The 2019–20 Coupe de la Ligue, also known as Coupe de la Ligue BKT for sponsorship reasons, was the 26th and final edition of the league cup competition held in France. The competition began with the preliminary round on 26 July 2019.

Strasbourg were the defending champions after defeating Guingamp in the final of the previous edition, but were eliminated in the quarter-finals in a penalty shoot-out to Reims after a goalless draw.

On 18 September 2019, the Ligue de Football Professionnel voted to suspend the competition indefinitely following the 2019–20 edition, in order to "reduce the season schedule".

On 28 April 2020, Prime Minister Edouard Philippe announced all sporting events in France would be cancelled until September. On 26 June, the FFF announced that the final was rescheduled to 31 July.

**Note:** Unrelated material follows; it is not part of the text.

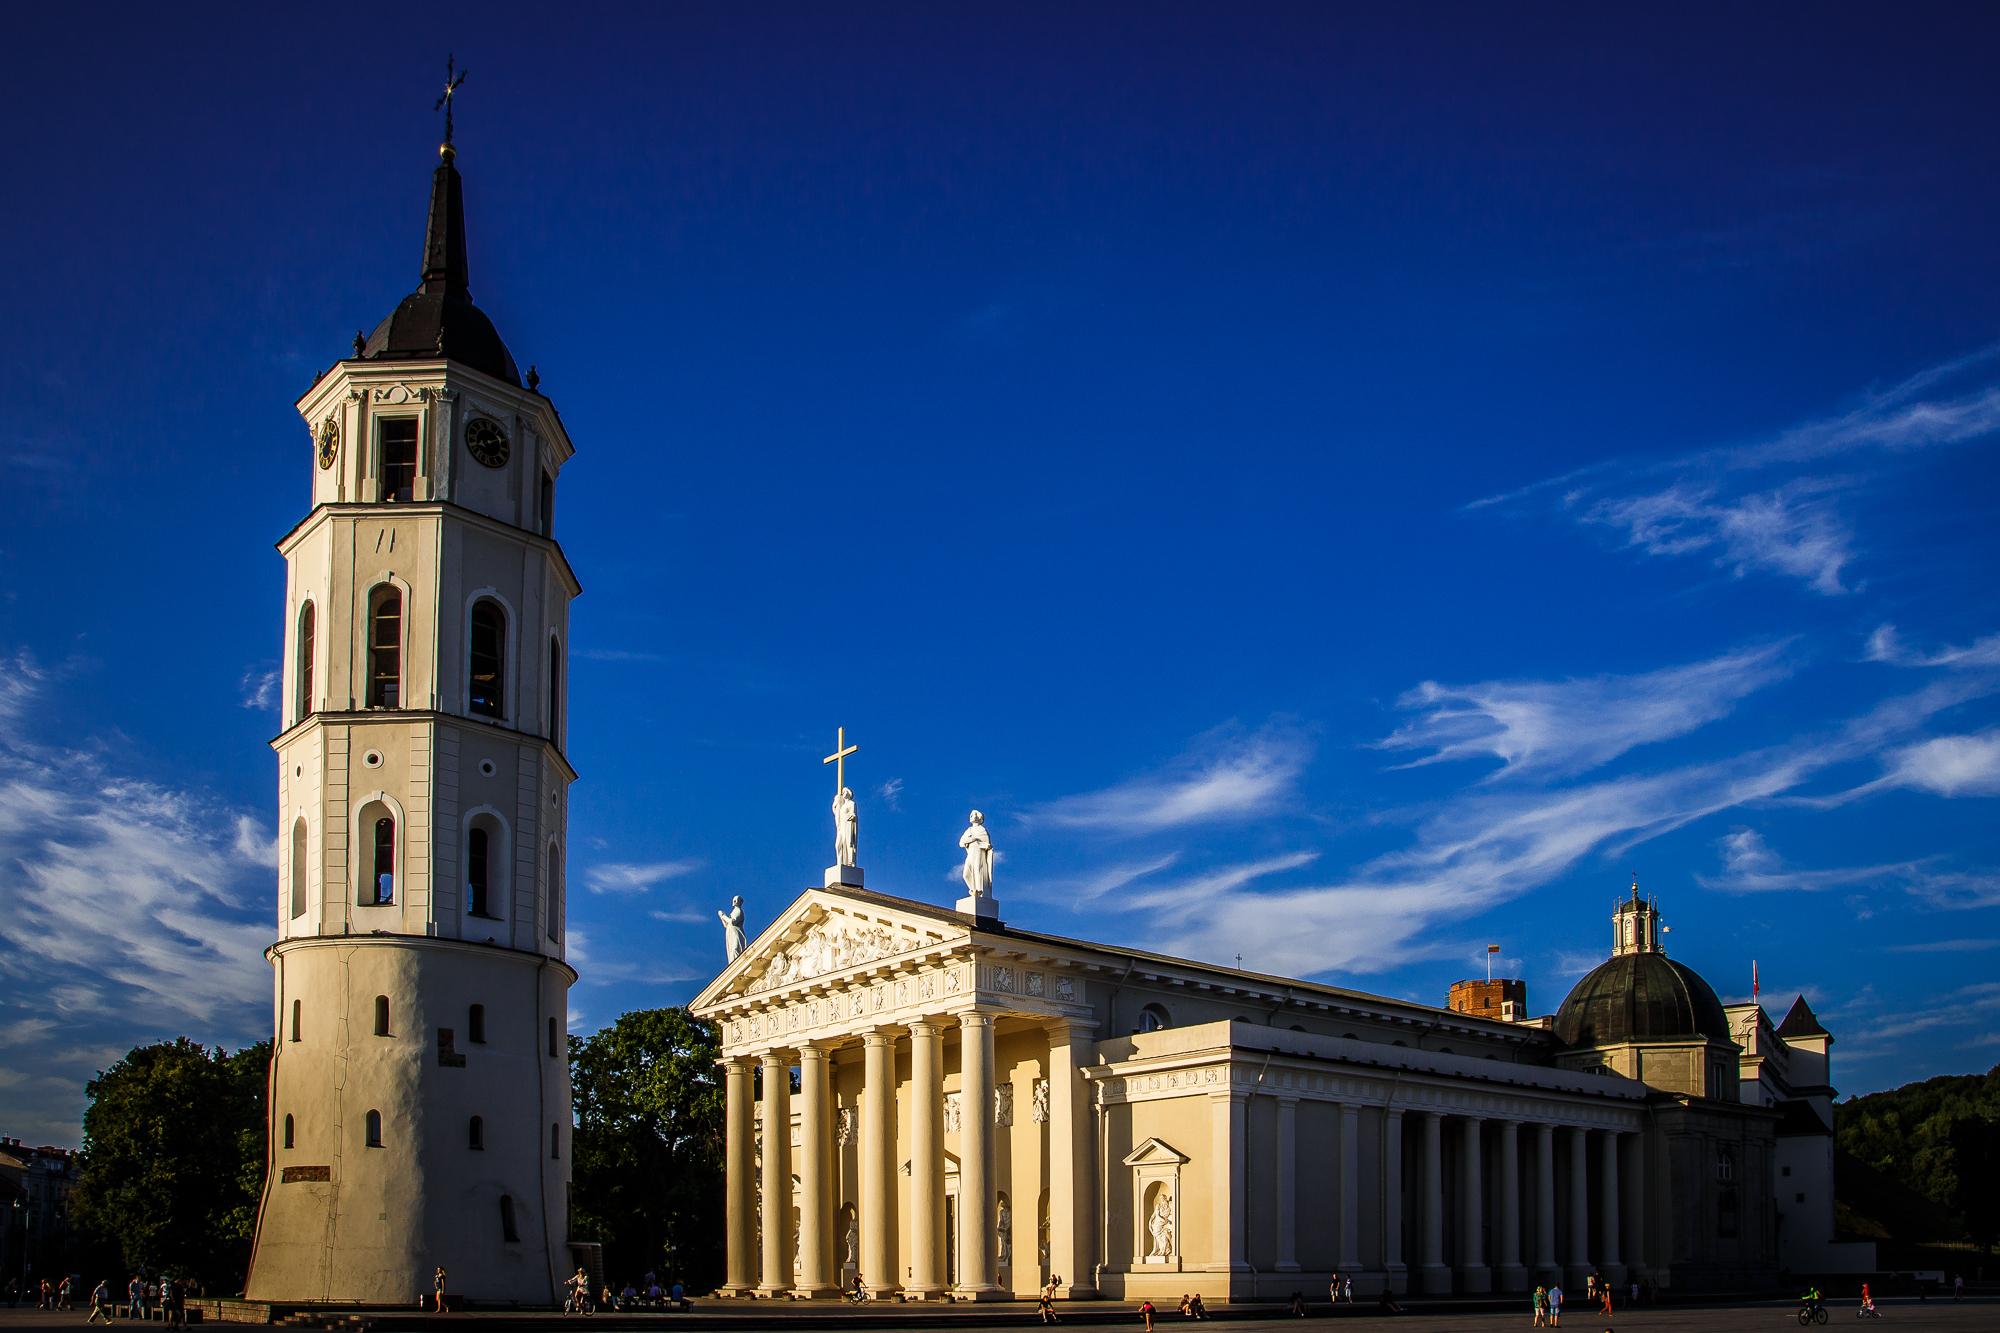 Vilnius Cathedral Via @Atisgailis

Paris Saint-Germain won their ninth Coupe de la Ligue title following a 6–5 win on penalties over Lyon in the final.

==Preliminary round==
A preliminary round match was played on 26 July 2019.

26 July 2019
Bourg-Péronnas (3) 1-0 Quevilly-Rouen (3)
  Bourg-Péronnas (3): Lacour 19'

==First round==
Twelve first round matches were played on 13 August 2019.

13 August 2019
Lorient (2) 1-2 Le Mans (2)
  Lorient (2): Hamel 83'
  Le Mans (2): Moussiti-Oko 42', Diarra 62'
13 August 2019
Clermont (2) 1-1 Le Havre (2)
  Clermont (2): N'Diaye 22' (pen.)
  Le Havre (2): Dzabana 6'
13 August 2019
Grenoble (2) 1-1 Rodez (2)
  Grenoble (2): Semedo 43'
  Rodez (2): Ouhafsa 76' (pen.)
13 August 2019
Gazélec Ajaccio (3) 2-0 Chambly (2)
  Gazélec Ajaccio (3): Beusnard 8' (pen.)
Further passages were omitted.